Git's more familiar commands, like git add and git commit, support common source control operations, like committing files and reverting files to a previous state. They all work by reading and writing to the object store. Git uses a few different types of objects to track file and directory contents, and metadata like commit messages.

First, blob objects hold the contents of files. The content of file.txt above was stored as a blob. Blobs do not store the name of the file, or any other information about it.

Second, tree objects represent a directory. A tree object lists the file and directory names it contains. For each file, it additionally lists the hash of the blob object where the file's content is stored. For each folder, it lists the hash of another tree object. Similar to a blob, which is a snapshot of a file, a tree object allows Git to recreate a snapshot of a directory.

Third, commit objects store information such as author, date, and commit message, and the hash of a tree object that represents the snapshot of the directory at that commit.

When committing a single file to an empty repository, Git creates one object of each type in the store:

$ git add -A

$ git commit -m "first commit"
[master (root-commit) 212c57e] first commit
 1 file changed, 1 insertion(+)
 create mode 100644 file.txt

Note Git shows the hash of the commit object. The commit object points to a tree object, which points to a blob object.
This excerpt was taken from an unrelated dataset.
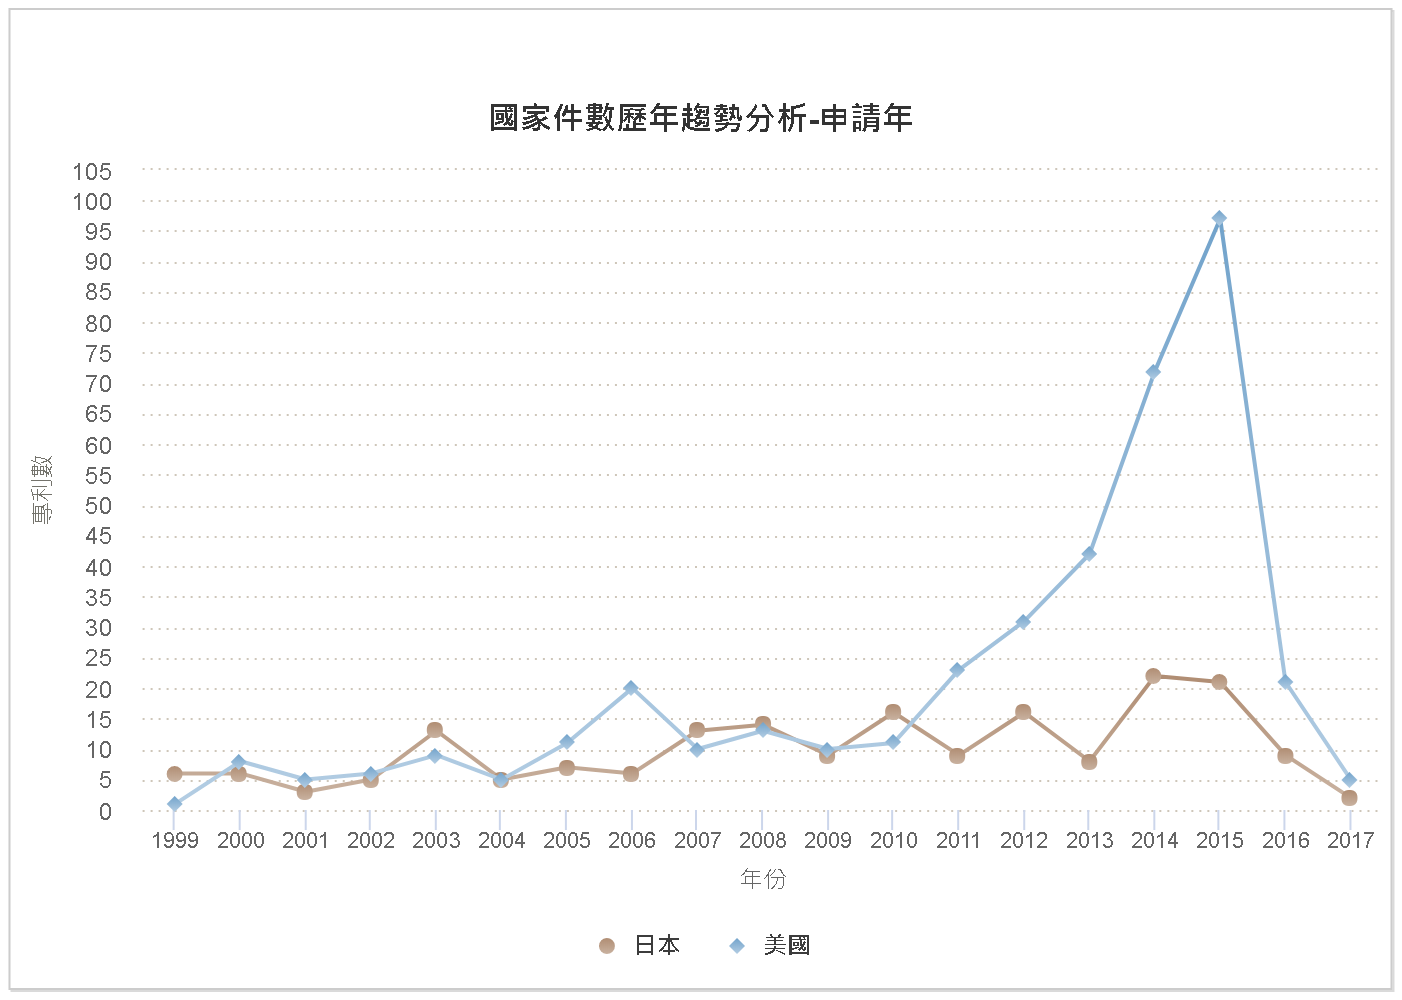 國家件數歷年趨勢分析圖–中國大陸(日本、美國)

We can inspect the objects using git cat-file:

$ git cat-file -p 212c57e
tree fc5a436ddf54bd82f2da31dde8898cc56b51ee7a
author Kurt <email> 1670074483 +0000
committer Kurt <email> 1670074483 +0000

first commit

$ git cat-file -p fc5a
100644 blob 7b57bd29ea8afbdeb9bac64cf7074f4b531492a8    file.txt

$ git cat-file -p 7b57
some text

As you add commits, files and directories over time, the objects create a directed acyclic graph, or DAG, which holds the history in commit objects, directories in tree objects, and file contents in blob objects.

Here's an animation to illustrate. On the left is a checked-out directory, which contains just a README initially. Then two changes are committed. On the right is the commit graph. Every vertex in the graph corresponds to one object in the store - red vertices are commits, green are trees, and blue are blobs. Thanks to content-based hashing, each commit reuses as many objects as possible from previous commits.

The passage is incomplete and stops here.